二十代前半の暴力事件。わたしはきっと家族の誰をも傷つけようとしたわけではないのだろう。ただはらいたくてそうしたのだ。死んだネコの顔に群がる蟻を長い時間はらい続けた経験がある。わたしはその猫ではなく、蟻だった。わたしが蟻だった。蟻を払い続けた。蟻がこの世からなくなってしまえばいいと思った。それと同時に強烈に生き切りたかった。血を見れば気が済んだ。それは自分の血で十分だったし、ほかの人の血であればわたしは多分今生きちゃいないだろう。

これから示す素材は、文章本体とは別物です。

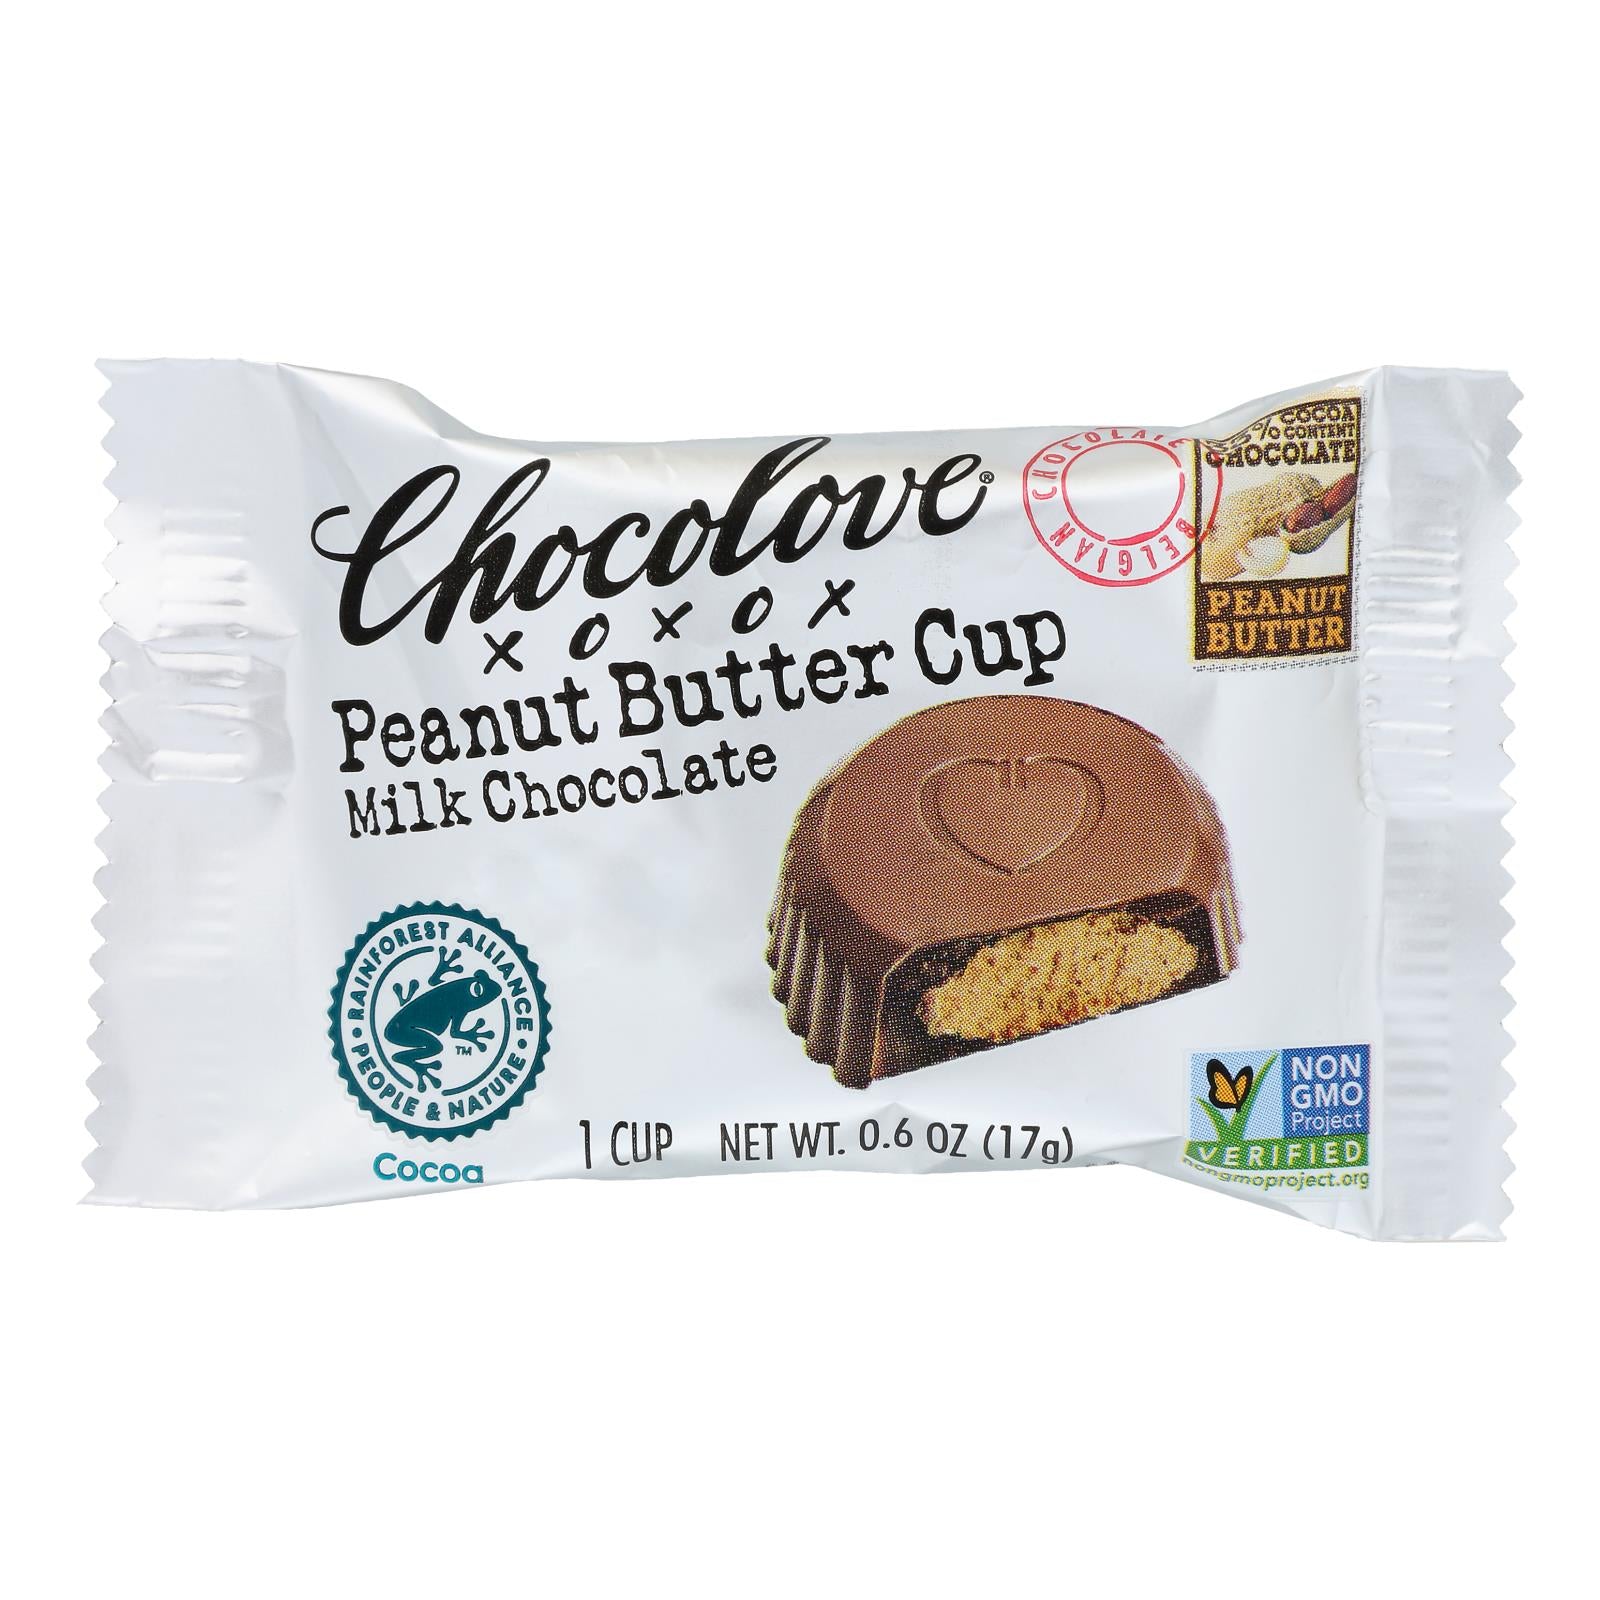 Chocolove Xoxox - Cup - Peanut Butter - Milk Chocolate - Case of 50 - .6 oz

そしてもう一本抜いた。と同時にものすごい恐ろしさを感じた。こうちゃんは三本目に手を出そうとしている。撤退。目線を合わせる。そしてわたしは首を横に振る。こうちゃんは泥のついた手の甲で額の髪の毛を払い、目線で首肯する。そして二人で畑の外に出たかと思うと、こうちゃんはサンダルを脱ぎ捨て、わたしは何回も転び、立ち上がって、走り出した。

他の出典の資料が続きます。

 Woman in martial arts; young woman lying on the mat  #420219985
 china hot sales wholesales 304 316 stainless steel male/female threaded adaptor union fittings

 アパートの玄関のドアをそっと閉める。そして鍵をかけた瞬間、二人で大爆笑してしまった。こうちゃんもわたしも息も切れ切れに、笑いながら話す。

「本物のスリリングだな」

「ほんと、万引きは性欲の発露なんだっけ?」

笑いが止まらない。わたしたちはなおも笑い続けて、お風呂場で足とネギを洗う。

「あのサンダルだけどさ、一万二千円したんだぜ。ネギと交換かあ」

わたしたちはシャワーのお湯をかけあってみたり、ネギでこうちゃんの頭を叩いてみたり、とにかく笑っていた。

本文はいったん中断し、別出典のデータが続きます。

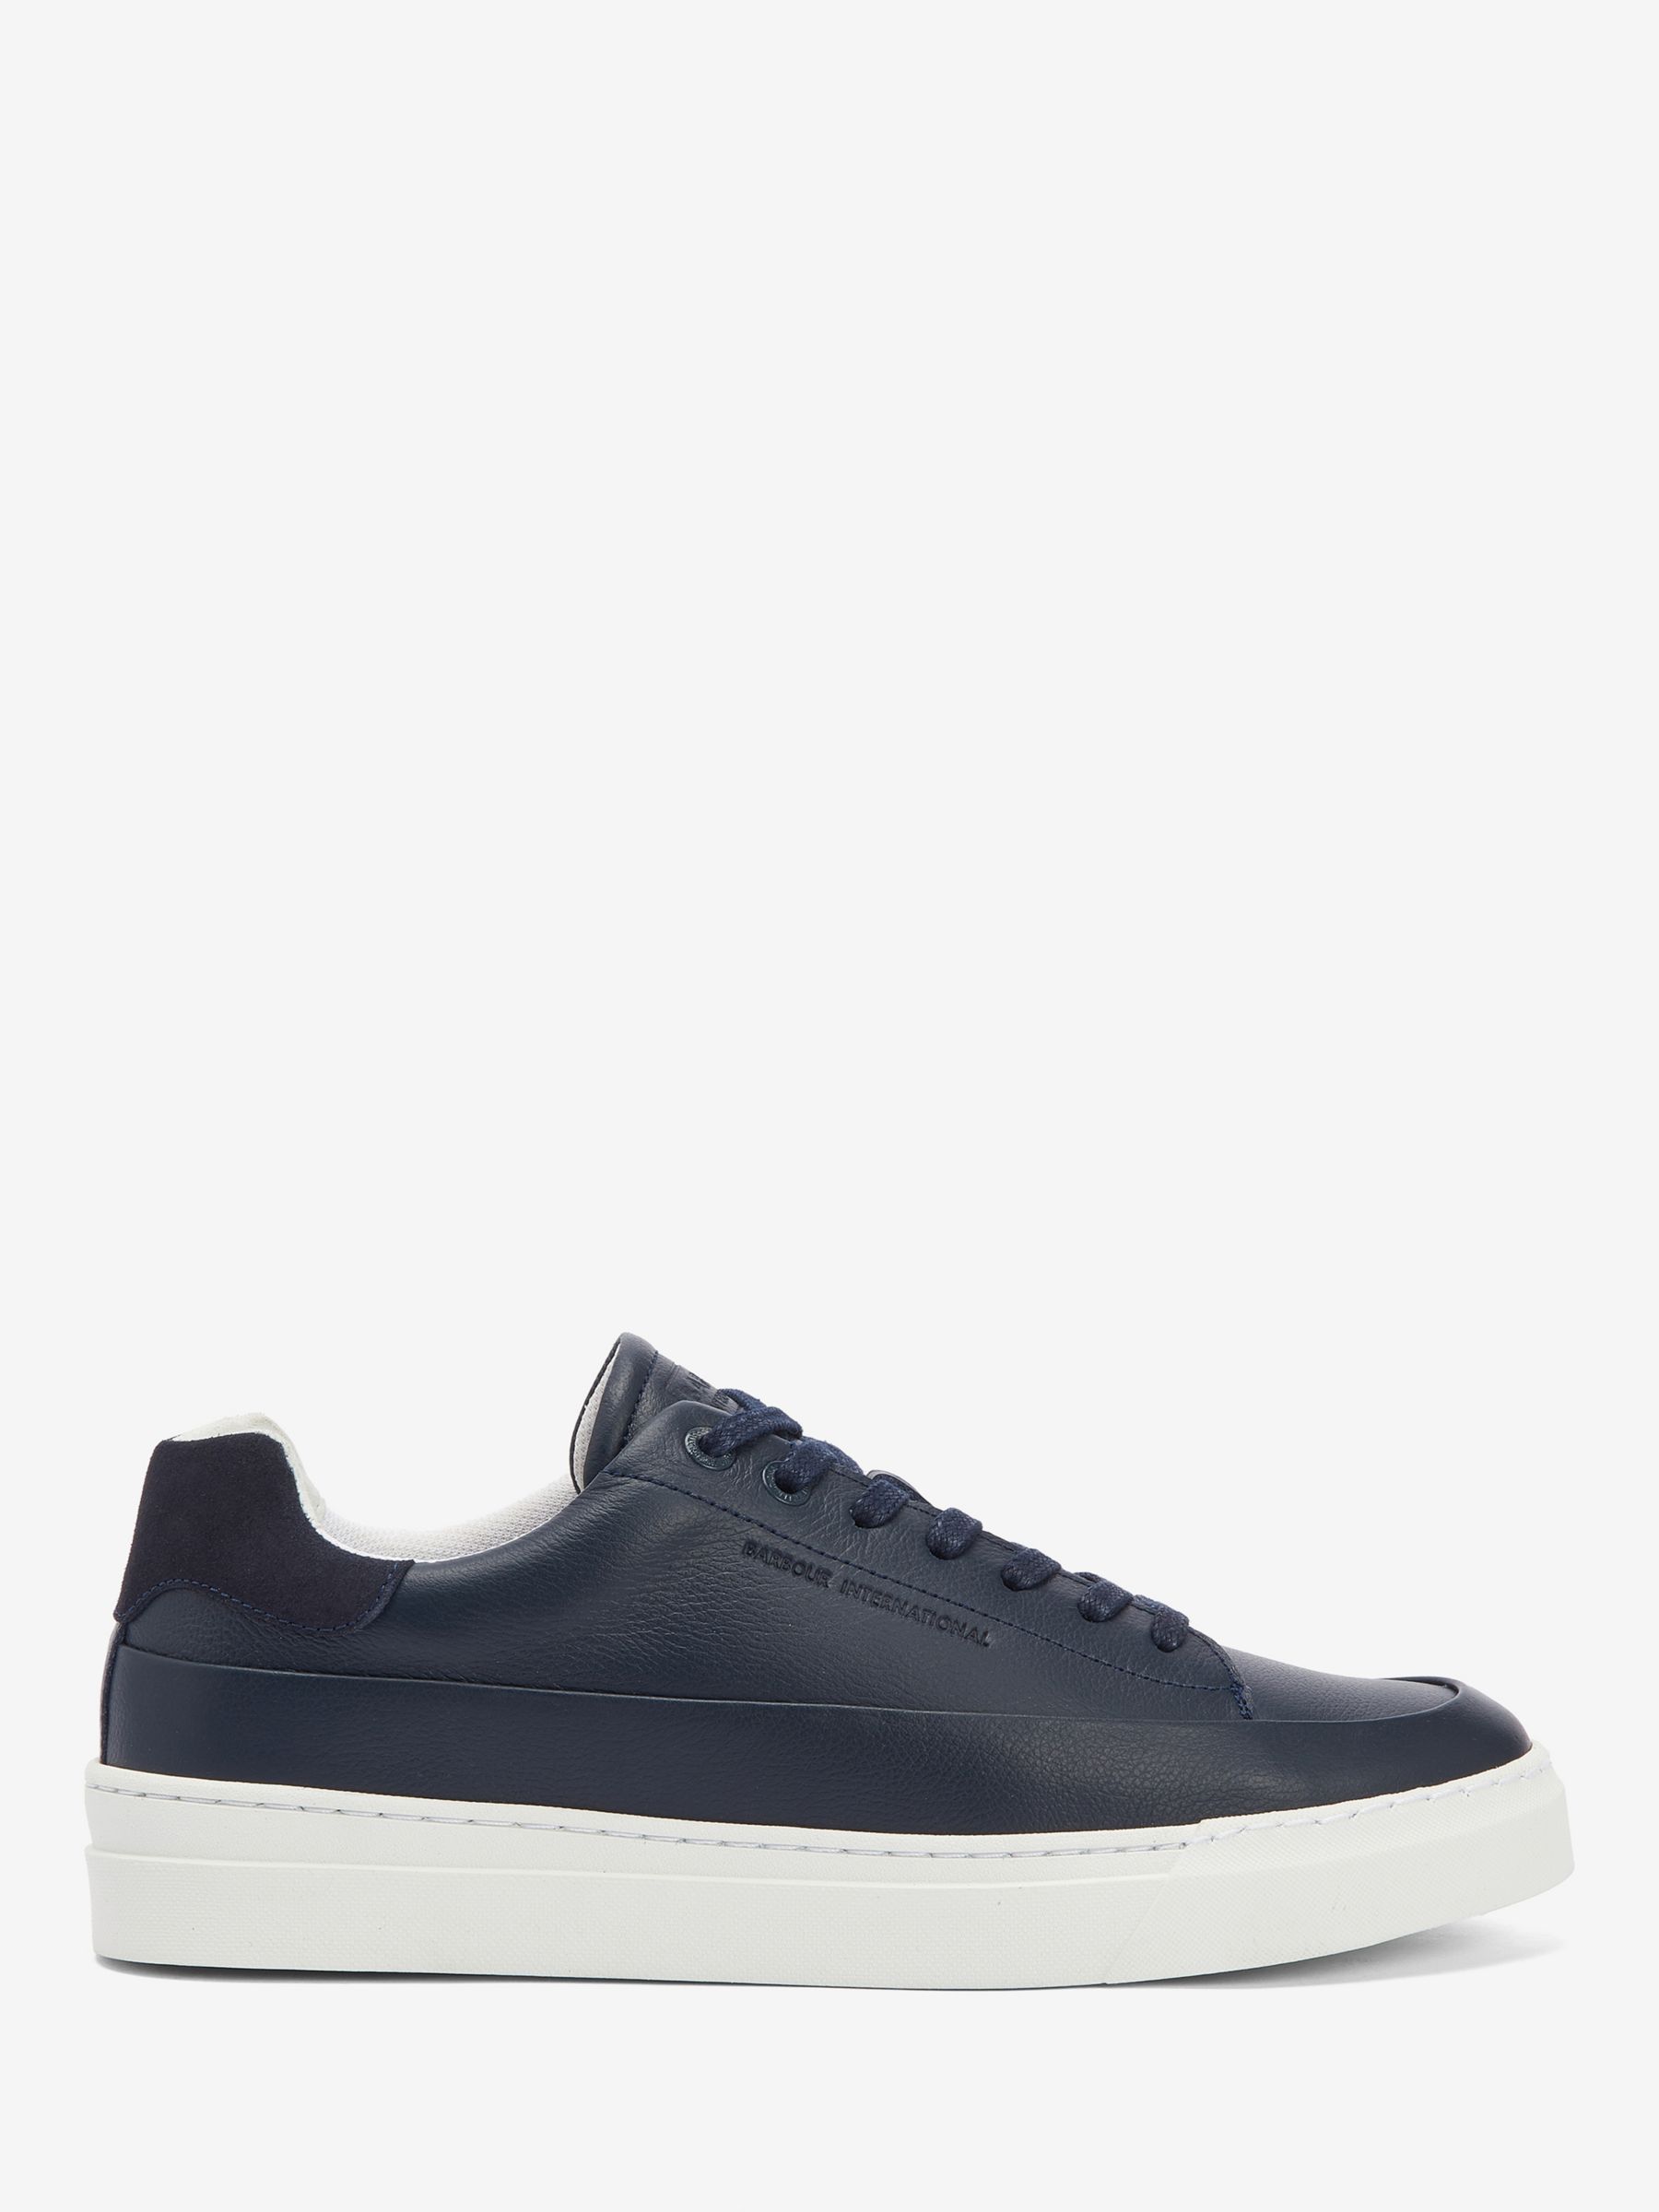 Barbour International Cram Cupsole Trainers, Navy at John Lewis & Partners

「こうちゃん、ネギを納豆に入れよう。そしてお味噌汁にもネギ入れよう」

「大賛成だ」

わたしはネギを刻みながら涙を流し、途中で鼻をかんだ。

「どうしたんだ?」

「ネギが新鮮すぎるのよ」

「そうか」

そのこうちゃんの「そうか」は何もかも知っていて、今のわたしの心の内もなにもかもわかっているみたいに聞こえた。

 こうちゃんがいてよかったな。今年こそ小説家になれるかな。それとも来年かな。もしくは再来年? でもそんな風に持てる情熱のほとんどを傾けるものそれを持っているわたしって、なんて幸せなんだろう。そして少し大きな声で、こうちゃんに尋ねる。

「ねえ、社会性を持つってどういうこと?」

「挨拶。そして知らないことを『知りません』って言えること」

「そっか」

だってネギが新鮮すぎる。目にどうもしみるのだ。

                                   了                                     

ずいぶん前に書いたものです。私小説的要素もあります。